Can you show the original TaskScript definition in your prisma schema? Also, please check if version 0.4.3 resolves it for you.
@niba OK. I didn't originally intend for fields to have the same "Add or update" behavior that models get, but I agree it makes sense for them to do that too. Since with models it was an expected behavior that wasn't working, I published that fix as a patch, but since this is changing the expected behavior for fields, I've upgraded this update to a minor release (v0.5.0) and added an example about it to the README.

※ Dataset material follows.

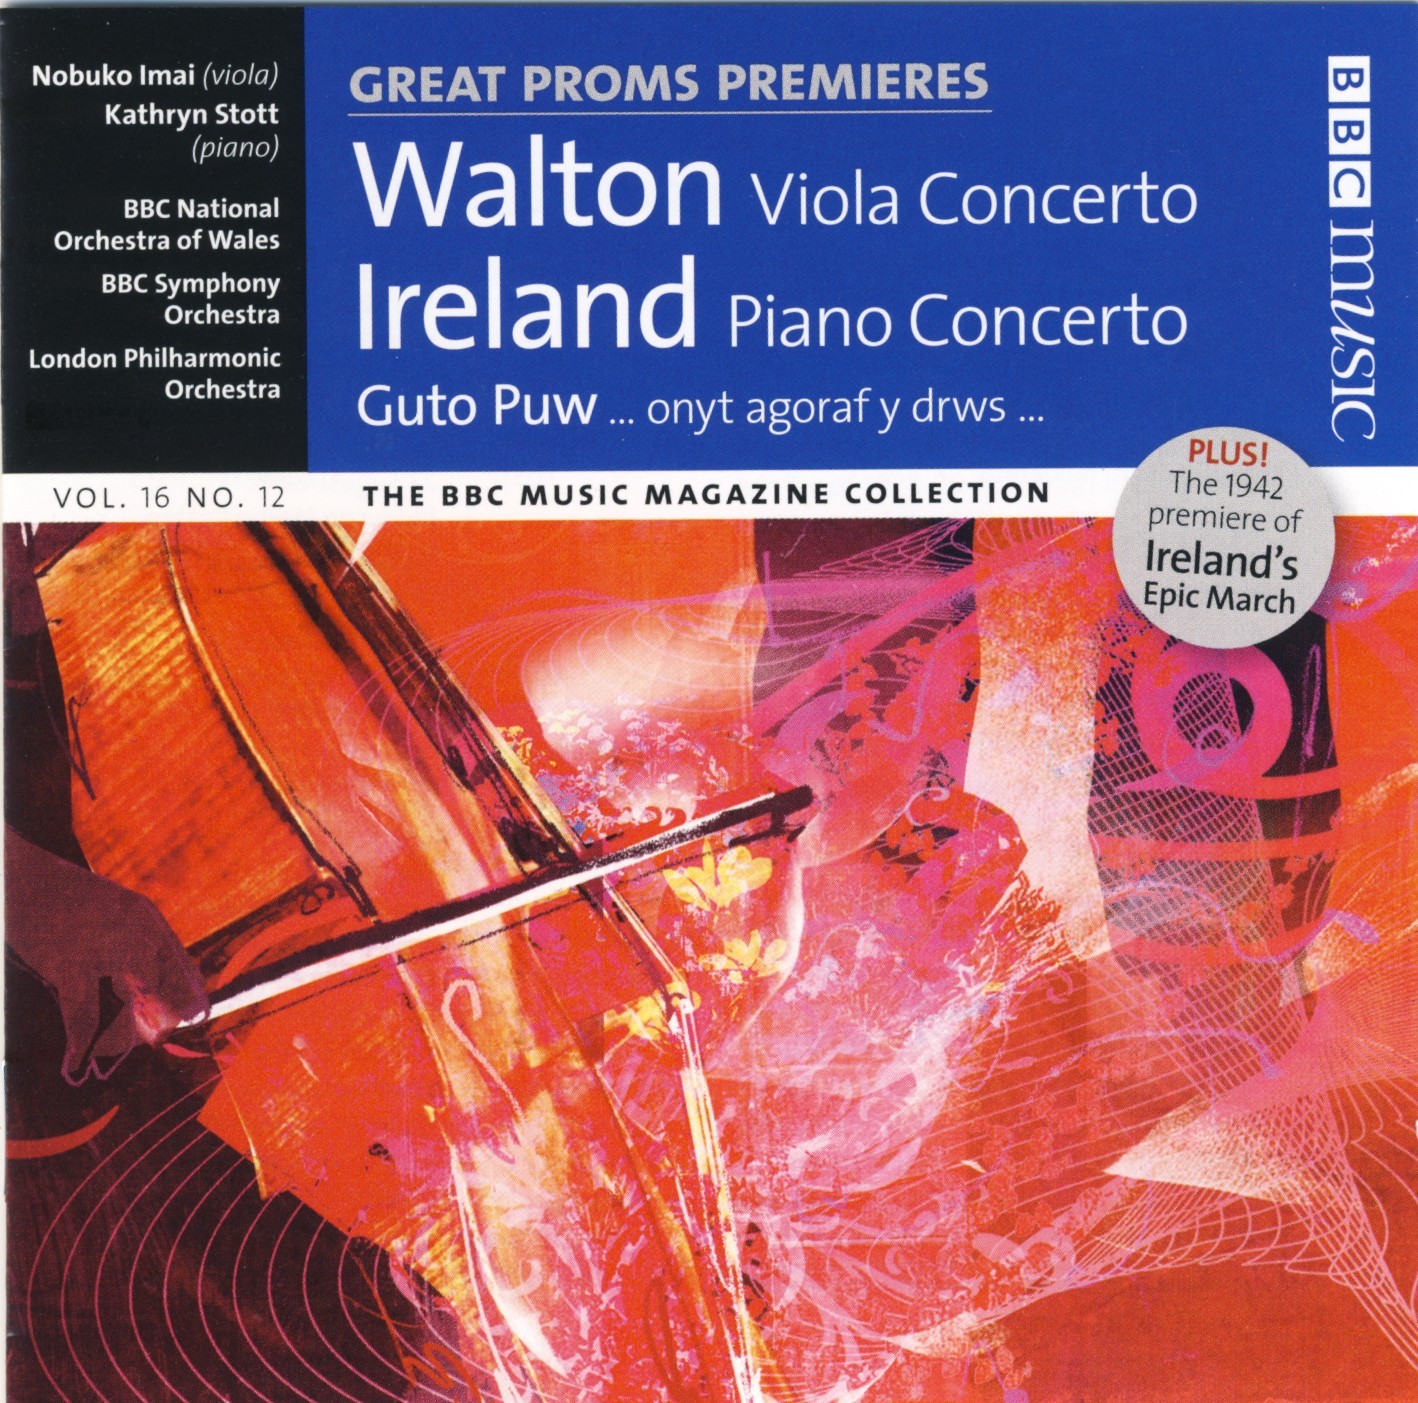 Great Proms Premieres Walton Viola Concerto - Ireland PC Guto Puw

Note that attributes WON'T behave this way, and you will still see duplicate attributes if you call builder.attribute("foo")

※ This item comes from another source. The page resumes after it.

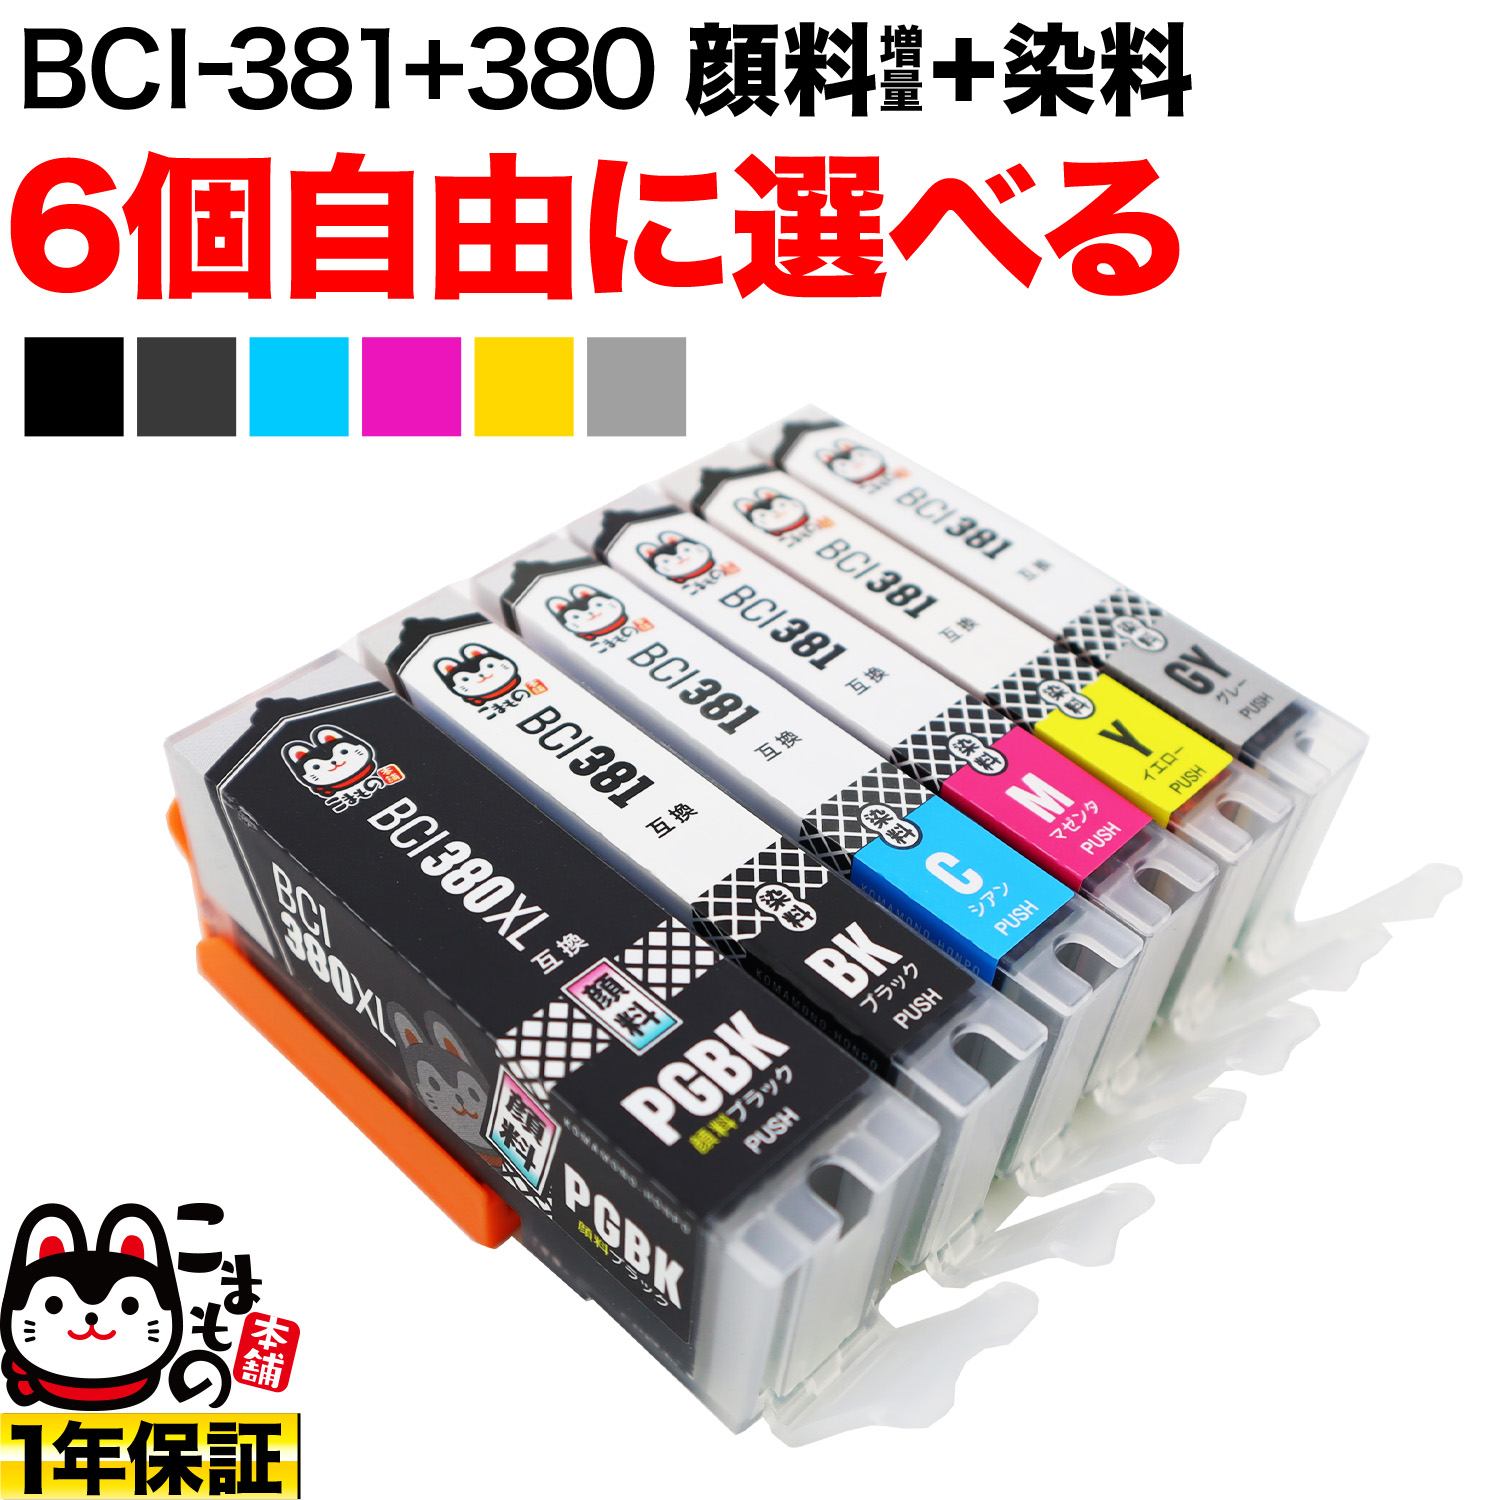 BCI-381+380 キヤノン用 互換インク 自由選択6個セット フリーチョイス

twice. Reason is that multiple instances of the same attribute is theoretically a valid use case.
@MrLeebo okay, my bad. I thought that it supposed to work in that way
So is there a way to rewrite an existing field? My case is that I have schema generated from existing DB and all of createdAt and updatedAt DateTime fields have wrong attributes. I wanted to use your tool to write a script that replaces all attributes of createdAt and updatedAt. So basically change createdat DateTime? @db.Timestamptz(6)

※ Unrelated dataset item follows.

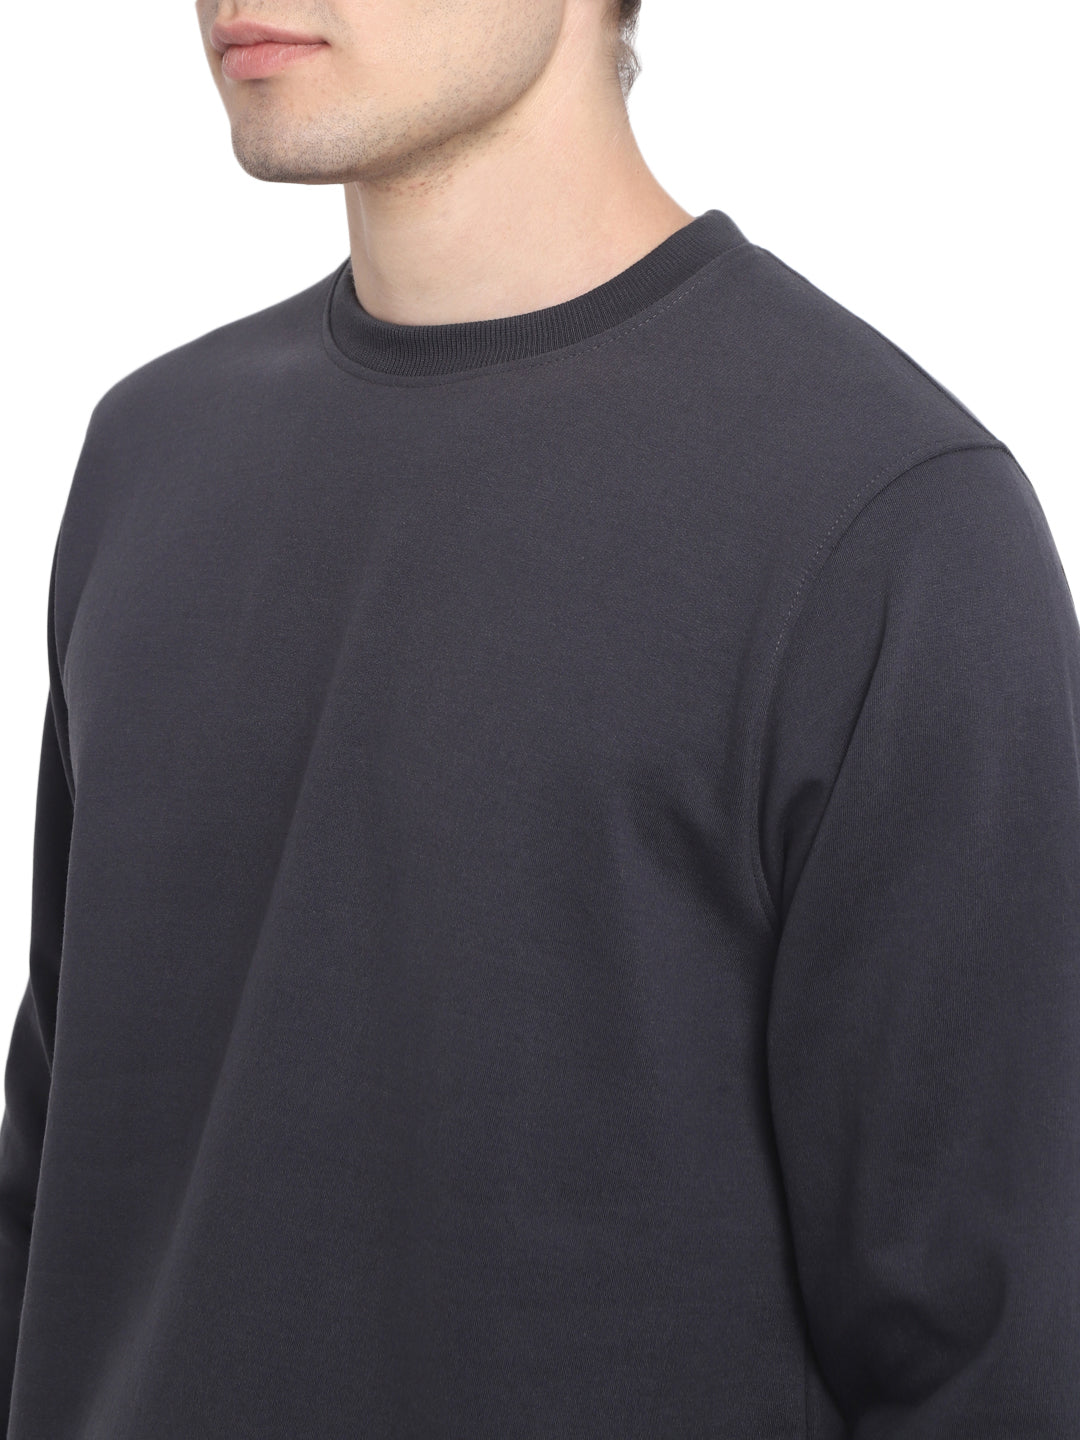 Round Neck Sweatshirt For Men - Carbon

to createdat DateTime? @default(now())
My result right now is what you said: createdat DateTime? @db.Timestamptz(6) @default(now())
I would like to remove this @db.Timestamptz(6)
attribute but dont know how.
I've added builder.removeField('fieldName')
and builder.removeAttribute('attributeName')
helpers to help with these kinds of edits, so you can change it by dropping and re-creating the field or attribute.
model TaskScript {
createdAt DateTime? @db.Timestamptz(6)
}
builder
.model('TaskScript')
.field('createdAt')
.removeAttribute('db.Timestamptz')
.attribute('default', [{ name: 'now' }]);
model TaskScript {
createdAt DateTime? @default(now())
}
But, it isn't exactly scalable to just keep adding new helpers for every interaction with the builder, so another thing you can do is programmatically access the underlying schema object that prisma-ast builds. This is a good way to make custom changes to the schema.
import { Field, Attribute } from '@mrleebo/prisma-ast'
builder
.model('TaskScript')
.field('createdAt')
.then<Field>((field) => {
const attribute: Attribute = {
type: 'attribute',
kind: 'field',
name: 'default',
args: [{ type: 'attributeArgument', value: 'now()' }],
};
field.attributes = [attribute];
})
model TaskScript {
createdAt DateTime? @default(now())
}
It's a little bit more verbose, but it gives you more flexibility to write your own custom logic. You can chain .then()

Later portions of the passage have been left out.